Why Is the World So Crazy? Freud Can Help Us Understand.
Freud by Max Halberstadt, 1921
The leading Republican candidate for President calls Mexicans rapists and his polls go up. Assault weapons are routinely used to settle workplace disputes while support for gun control plummets. The Marshall Islands and the Maldives disappear under the sea, and world leaders fail to stop global warming. Irrational mental forces are playing an out-sized role in our political and social life, but what are these forces and how can they be understood?
In the twentieth century people struggling to understand the role of unreason in human affairs turned to a variant of Freudian thought, distinct from psychotherapy, which I call “Political Freud.” This was particularly the case with progressives who struggled with racism, fascism, war, sexism and homophobia.
Consider, for example, WEB Du Bois. The first African-American to win a doctorate at Harvard, a founder of the NAACP, Du Bois began his career by assuming that “the Negro problem was a matter ofsystematic investigation and intelligent understanding.” Then, while teaching at Atlanta University, he encountered the knuckles of a recently lynched Black man displayed in a grocery store. Shocked, Du Bois realized, “in the fight against race prejudice, we were not facing simply the rational, conscious determination of white folk to oppress us; we were facing age-long complexes stuck now largely to unconscious habit and irrational urge.” Reconsidering his earlier views, Du Bois concluded that he had not been “sufficiently Freudian to understand how little human action is based on reason.”
Consider also the tradition of thinkers who drew on Freudian thought to understand the causes of war. During World War One, Freud explained shell shock (now known as post-traumatic stress disorder) in terms of men’s “defensive denial of vulnerability,” their “preference for the active role.” Later, the followers of Melanie Klein explained World War Two in terms of the ‘Munich’ complex, “the son’s incapacity to fight for mother and country.” More recently, to explain the irrational U.S. response to 9/11, namely the invasion of Iraq, Judith Butler pointed to the narcissistic wound opened in America by the attack, and the American inability to close that wound by mourning, collective memory, and openness to the rest of the world.
Then, too, there were the efforts of Political Freudians to fathom the destruction of European Jewry. In Moses and Monotheism, Freud tried to cast some light on the murderous rage and genocidal quality that distinguished Nazi anti-Semitism from its Christian predecessors. He argued that Hebraic monotheism had been a spiritual advance linked to the rationality and victory over the instincts at the core of the Western tradition. Still, the Hebrew people rebelled against the harsh strictures and self-denial of the original monotheistic message. Christianity sought to reconcile this conflict by the “good news” of the sacrifice of God’s son. Nazism built on Christian anti-Semitism, but went far beyond it. Attempting to create a new order or Reich, the Nazis sought to destroy the origins of the West in its founding, Hebraic encounter with God.
Finally, consider the women’s liberation and gay liberation movements of the late sixties.

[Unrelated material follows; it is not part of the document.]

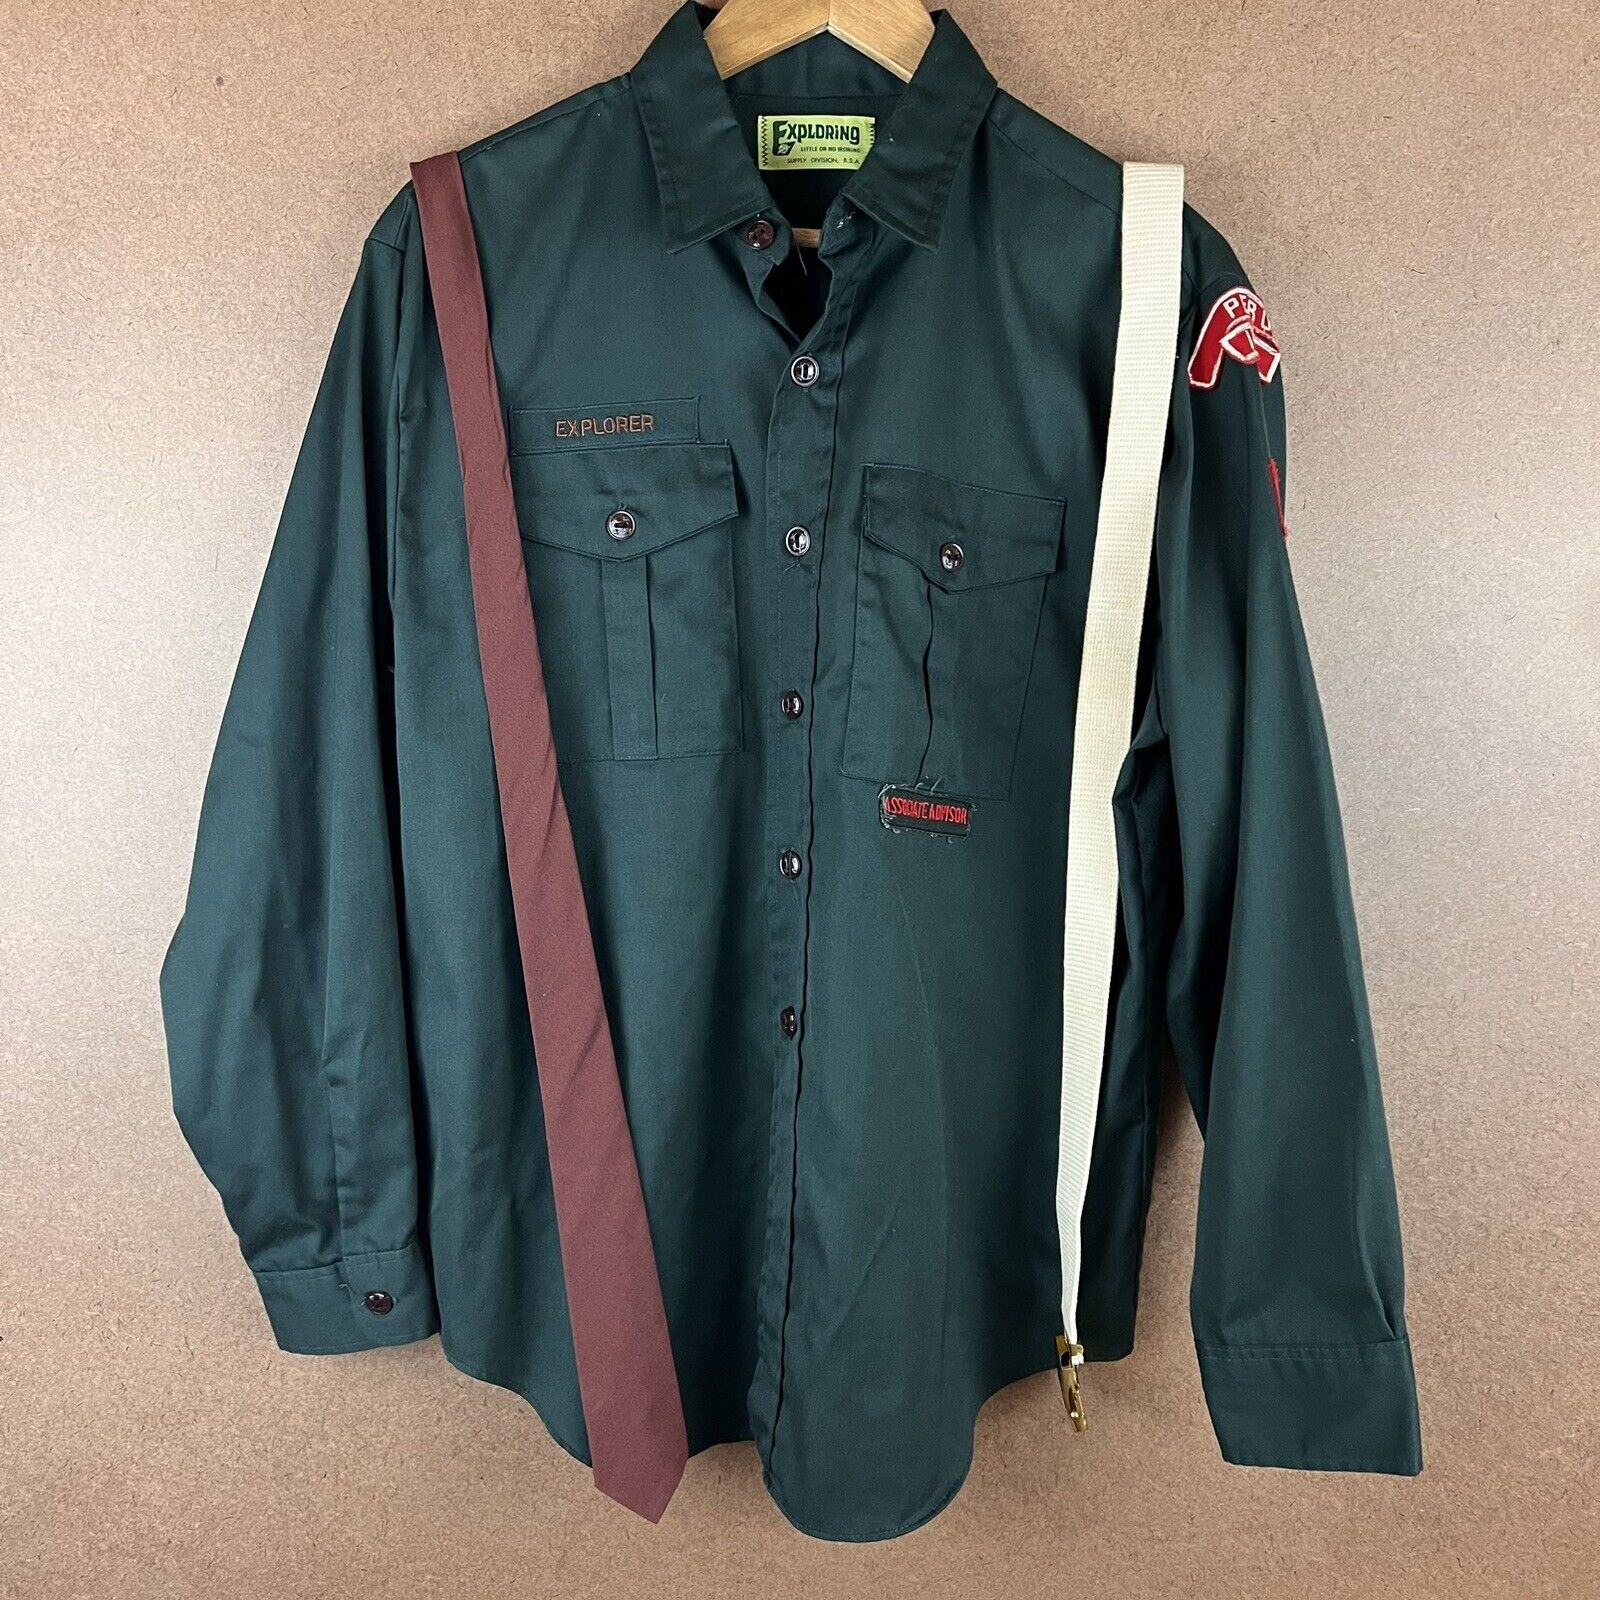 VTG BSA Boy Scouts Explorer Shirt w/ Tie and Belt Peru ILL Large USA

In that era, feminist thinkers like Kate Millett and Shulamith Firestone defined Freudianism as “the enemy.” Soon, however, other feminists, like Juliet Mitchell and Jessica Benjamin, realized that it was a mistake to throw out the baby with the bathwater. They reinterpreted Freudianism as a theory of patriarchy and used it to probe the sexual and other infantile fears that underlay sexism and homophobia. Seeking to make feminism and gay liberation something more than liberalism, they knew they needed an understanding of patriarchy’s deep unconscious. They found in political Freudianism the tools they needed.
We still need such tools today. Contemporary psychologies will not help us. Neuroscience can illuminate physiologically determined mental illnesses, such as some varieties of schizophrenia, but it has virtually nothing to say about the everyday craziness that once went under the name “neurosis,” much less the irrational patterns that run through human history. Likewise, cognitive psychology, as the psychology of rational choice, “happiness studies,” and economics, has nothing to say about the madness that runs through our political life. Today, accordingly, we still need Political Freudianism.
To be sure, there were good reasons why progressives criticized Freudianism in the 1960s and 70s and I am not suggesting that we return to discredited ideas. But it is also the case that the rise of neo-liberalism and of globalized financial capitalism was accompanied by an enormous intellectual counter-revolution, one that suppressed knowledge of both the individual unconscious and of the unconscious social and political forces that characterize modern society. My new book, Political Freud, which tells the story of these earlier struggles, aims to reintroduce one of the most important currents of modern radical thought.